ここで、Mikeが操縦桿を握り、わざとぐるぐる回ります。その上でDEJAYに向かえとの指示が。PDZ、HDFの交点であることは変わりありませんが、現在地からはどちらもRadialが違います。急いでVOR1、VOR2それぞれのRadialをセットしますが、ここでミスをしました。現在地からPDZへはFROMではなくTOなので、RadialではなくBearingでコースを設定しなければいけないところ、どちらもRadialでセットしてしまいました。なので、一瞬逆方向へ飛びそうになりましたが、どうもおかしいと思いコースを設定しなおします。Mikeは「You, wise man」と言ってくれましたが単に自分の間違いに気がついただけです(笑)。Mikeによれば、旋回したのはわざと混乱させるためとのことで、見事に引っかかったことになります。

NIKKLからDEJAYへは、どちらのVORも新しく設定したBearing、Radialをインターセプトしないといけないので、適当な角度を取って進みます。PDZのベアリングをインターセプトするつもりでしたが、先にHDFの針が寄ってきました。通常のVOR Indicatorで合わせながら、HSIで針が通過するのを待つことになります。機能上は問題ないのですが、せっかくのHSIを有効活用できていない気がします。

DEJAY通過後は再びtaku Intersectionを回って再び2回転ほど旋回させられてから、PDZに向かってホーミングの指示。さらにいつものように、2000feetへの降下、ATIS受信を指示されます。その上でこちらからBefore Landingのチェックリストを実施。チェックリストは早めのほうが余裕があることが分かってきました。PDZでタワーにコンタクト。Rwy26Rとのことで、MikeがILSをセットして、これに乗ってのアプローチを指示されました。

今回はインターセプト後にグライドスロープもフォローしろとのことで、こちらも気合を入れてローカライザー、グライドスロープを追いかけます。高度が下がり、滑走路に近づくにつれてどちらの針も動きが敏感になってきます。あまり過敏になりすぎず、しかし、針を中央に持ってくるように努力していると、「フードを外して」と指示。外を見ると、滑走路が本当に目の前でした。急いでフラップを2ノッチまで下げます。「着陸までPAPIを参考に」とのことで、初めてランウェイエンドではなく、接地帯のマーキングに向けて着陸していきます。PAPIのコースに乗っていれば、グライドスロープも真ん中に来る、とのこと。

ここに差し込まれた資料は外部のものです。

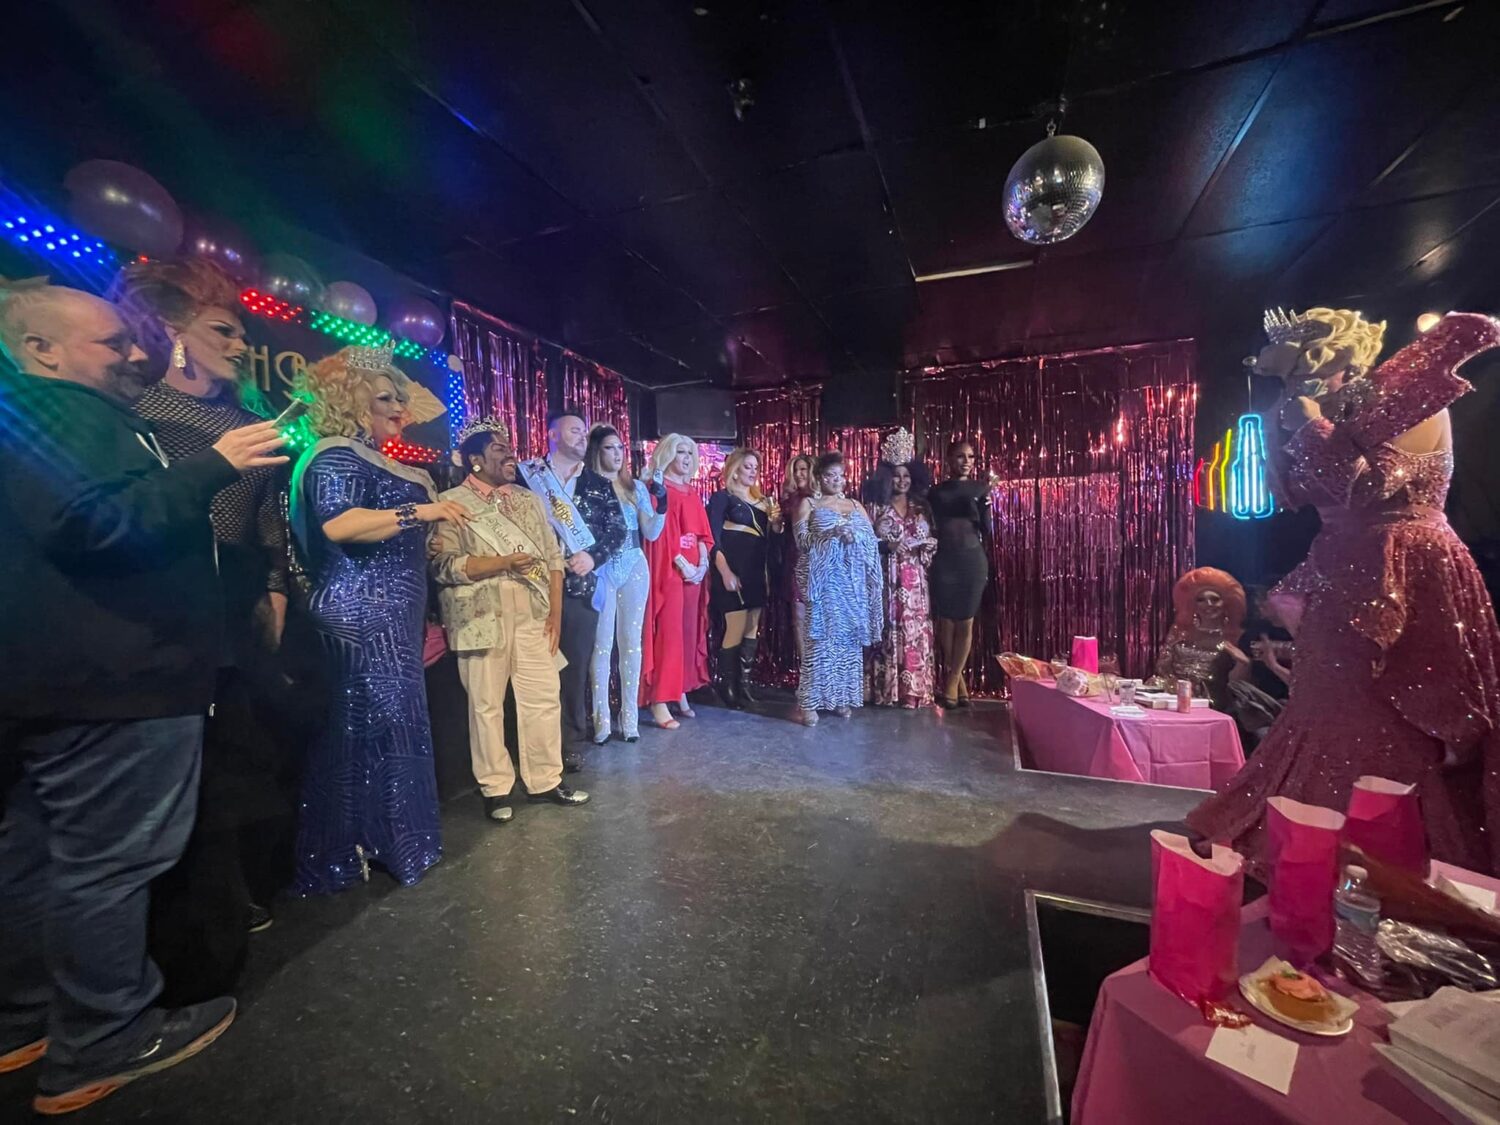 Ava Aurora Foxx in her final number as Miss Southbend |  Miss Southbend Pageant | Southbend Tavern (Columbus, Ohio) | 1/30/2022 [Photo by Vintage Blue]

いつものように、なんとか…な着地をして、スクールにタクシーしていきます。到着後のデブリーフィングでは、良くできていた、間違いにも自分で気がついた、とのコメント。こちらからの質問は、Intersectionインターセプトでは、先にインターセプトする(予定)のコースをVOR1にセットすべきかと聞きました。練習機は、VOR1に高機能なHSIと呼ばれるVOR Indicatorが装備されており、こちらにフォローするコースをセットした方が良い気がします。しかし答えは、どちらでも構わない。むしろ周波数を入れ替えるのはミスのもとになるので、VORを一度セットしたならば、むやみと変えないほうが良い、とのことでした。トレーニングは順調なので、次回はHoldingを練習しようとのことで、ホールディングについて、一通り確認をしました。

飛行実績
飛行時間:1.2(累計93.1時間)
:PIC時間0.0時間(累計34.6時間)
:Instrument 0.9時間(累計8.8時間)
:Instruction 1.2時間(累計11.9時間)
:夜間0.0(累計3.1時間)
着陸回数:1回(累計221回)
:夜間0回(累計10回)

グラウンドスクール:
内容:テキストChapter4 Section A、B
:Departure Procedure、Departure Minimums
1.0時間(累計5.1時間)

2011年7月17日

[IFR09]フェーズ1終了

今回は、フードを付けてのフライトの上昇・下降・旋回・Parital Panelの総集というMikeの話がありました。まだ、多少ふらついたりしますが、最初よりは計器だけで飛ぶのにも慣れてきました。そろそろ次のフェーズに進みたいとも思っていたので、きれいに決めたいところです。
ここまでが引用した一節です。